– W takich spotkaniach najważniejsza jest dyspozycja dnia. Nie ma co ukrywać, że w takich spotkaniach nie ma faworyta. Większego znaczenia nie ma aktualna pozycja w tabeli. Dla nas liczy się tylko poniedziałek i godz. 15:30. – powiedział Łukasz Madej, pomocnik Górnika Zabrze przed poniedziałkowymi 103. Wielkimi Derbami Śląska.
Łukasz Madej (pomocnik Górnika): – Myślę, że opaskę kapitana założy ktoś inny. Mariusz Magiera jest dłużej w klubie ode mnie, a Radek Sobolewski jest starszy, nie można zapomnieć także o Sewerynie Gancarczyku. Opaskę powinien założyć zawodnik, który przebywa w klubie dłużej niż ja. W takich spotkaniach najważniejsza jest dyspozycja dnia. Nie ma co ukrywać, że w takich spotkaniach nie ma faworyta. Większego znaczenia nie ma aktualna pozycja w tabeli. Dla nas liczy się tylko poniedziałek i godz. 15:30. Ważne będzie to kto do tego meczu będzie lepiej przygotowany mentalnie, taktycznie i fizycznie. Ostatnie spotkanie w Chorzowie zagraliśmy bardzo dobrze. Stworzyliśmy sobie więcej sytuacji niż Ruch i to było nasze zasłużone zwycięstwo. W tym dniu byliśmy zespołem lepszym. Życzyłbym sobie powtórki w poniedziałek. Doceniamy siłę Ruchu, bo jest do dobra drużyna na którą trzeba uważać. Jeśli nasza dyspozycja dnia będzie dobra to będziemy walczyć i starać się wygrać. Wygrana w derbach to zawsze wielki prestiż.

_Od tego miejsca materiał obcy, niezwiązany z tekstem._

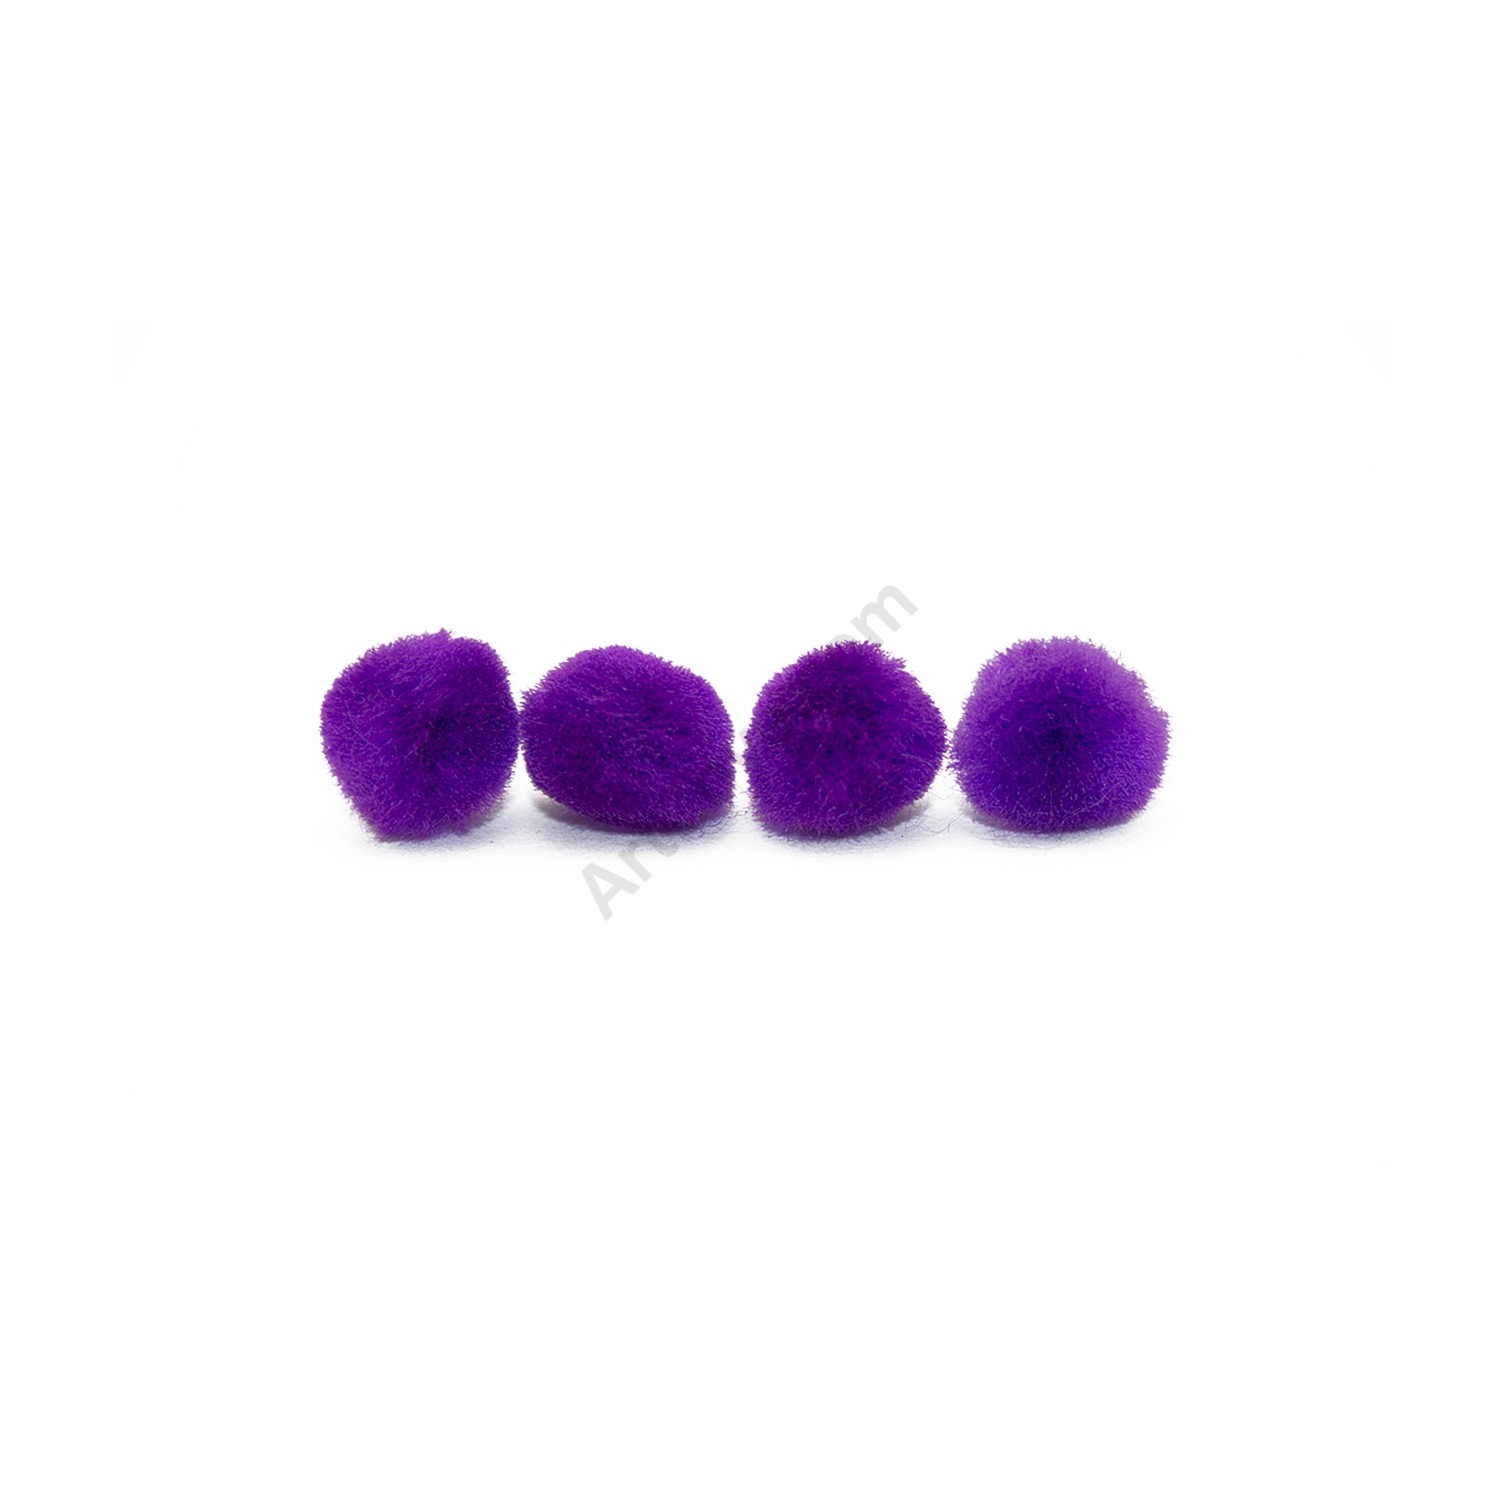 Small Craft Pom Poms for Arts and Crafts 100 pcs Purple Size 1/4 Pom Poms

Marcin Malinowski (pomocnik Ruchu): – Czy uda nam się zrewanżować za jesienną porażkę? Z pewnością czas to pokaże. Wszyscy w Zabrzu i Chorzowie ostrzą sobie zęby na to spotkanie. Życzę sobie i kibicom, aby było to spotkanie, o którym mówi się długimi wieczorami. Ruchowi w Zabrzu nigdy nie grało się łatwo. Górnik w tym spotkaniu jest lekkim faworytem, bo gra u siebie.